To create an index on an existing table, use the ALTER TABLE statement or the CREATE INDEX statement.

Using the ALTER TABLE statement to create an index The basic syntax of the ALTER TABLE statement to create an index is as follows:

ALTER TABLE table_name ADD [UNIQUE | FULLTEXT | SPATIAL] [INDEX | KEY]
[index_name] (col_name[length],...  [ASC | DESC])

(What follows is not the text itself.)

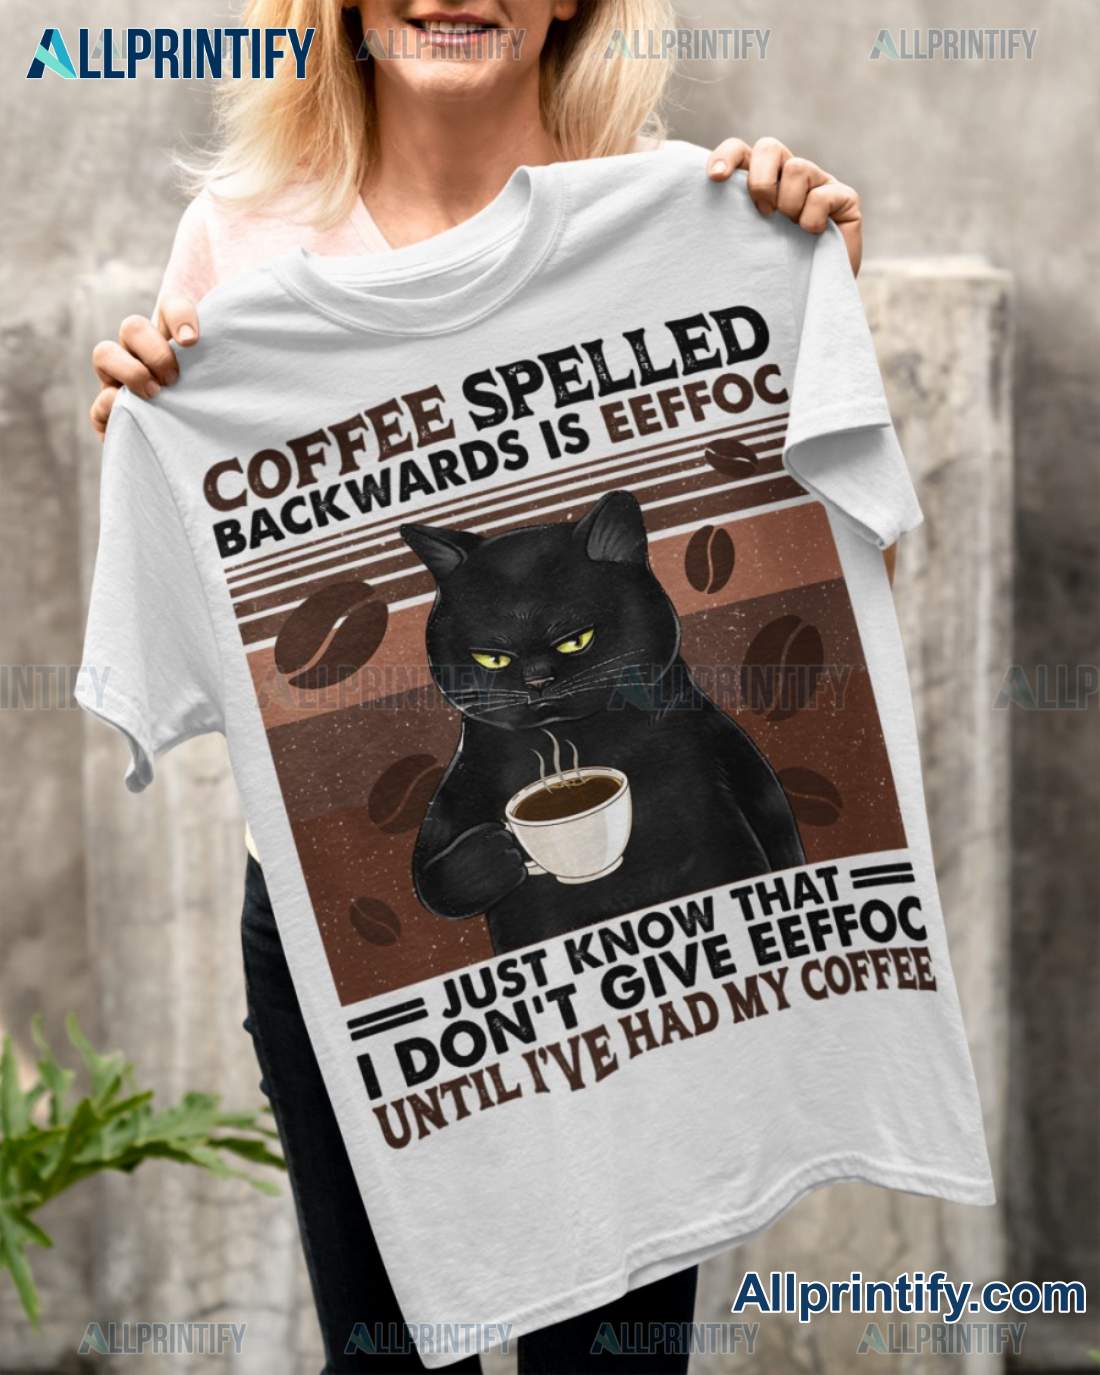 Cat Coffee Spelled Backwards Is Eeffoc Just Know That I Don't Give Eeffoc Until I've Had My Coffee Shirt
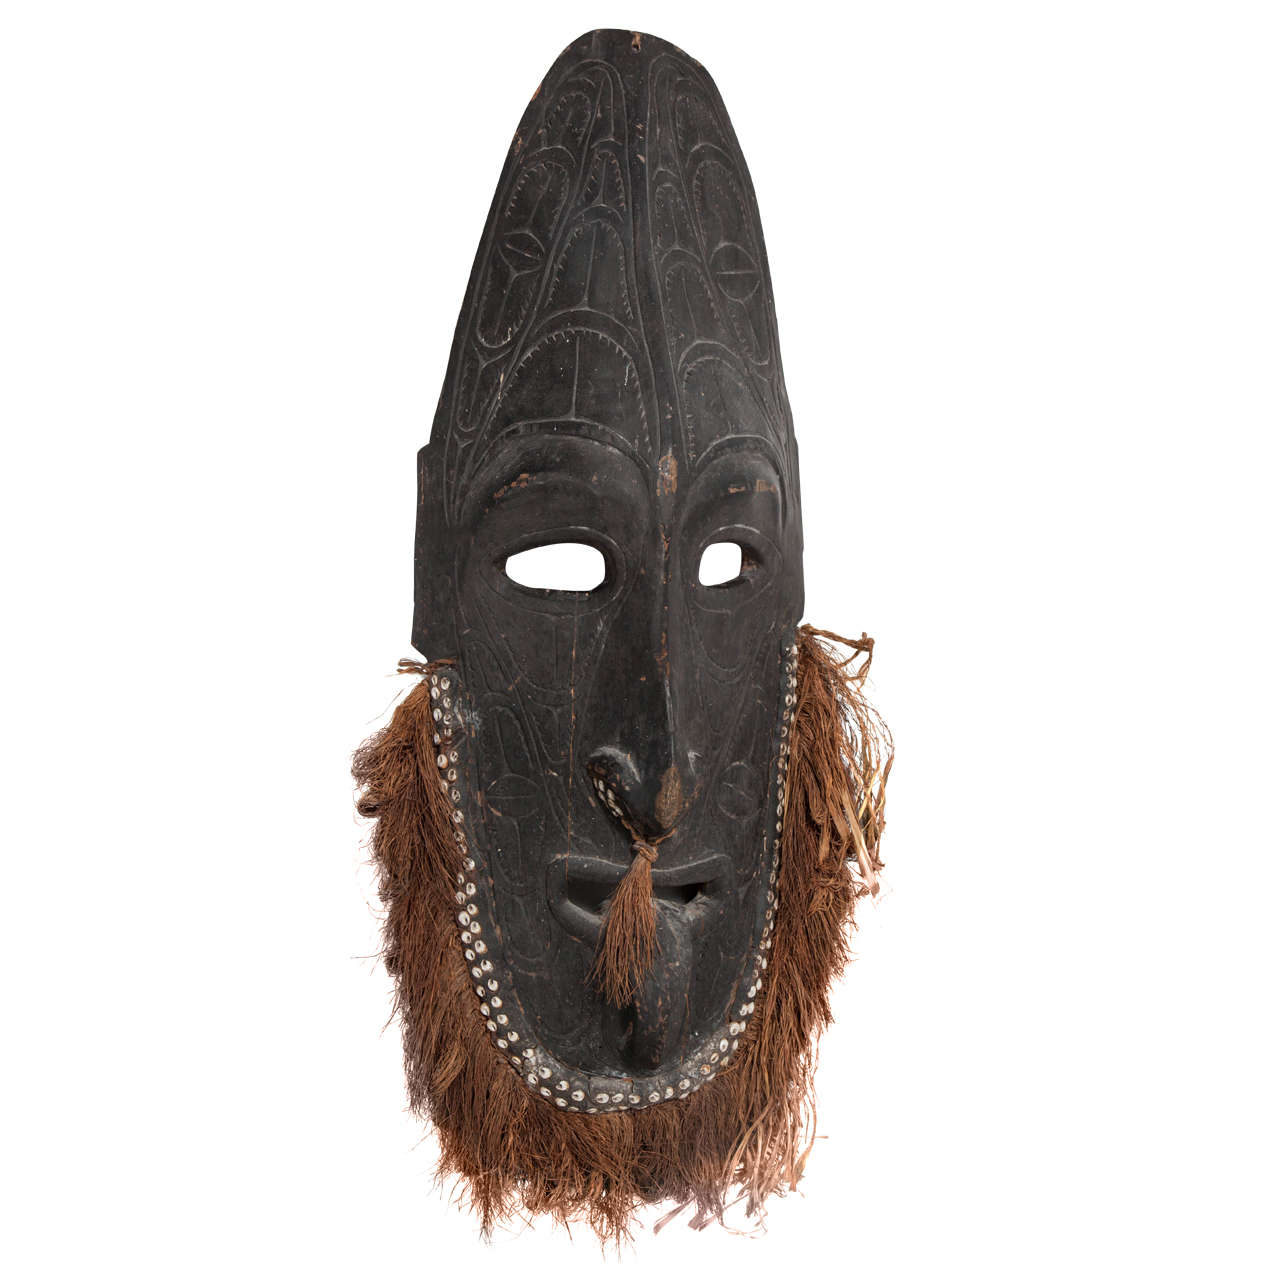 Decorative Objects in the Style of Sepik River Mask from Papua New Guinea

Use CREATE INDEX to create an index The CREATE INDEX statement can add an index to an existing table. In MySQL,
CREATE INDEX is mapped to an ALTER TABLE statement. The basic syntax structure is:

CREATE [UNIQUE | FULLTEXT | SPATIAL] INDEX index_name
ON table_name (col_name[length],...) [ASC | DESC]

2.1.3 Delete Index

Using ALTER TABLE to delete an index The basic syntax format of ALTER TABLE to delete an index is as follows:

 ALTER TABLE table_name DROP INDEX index_name;

Use the DROP INDEX statement to delete an index DROP INDEX The basic syntax format for deleting an index is as follows:

DROP INDEX index_name ON table_name;

Tip: When dropping a column in a table, if the column being dropped is part of an index, that column is also dropped from the index. If
all the columns that make up the index are dropped, the entire index will be dropped.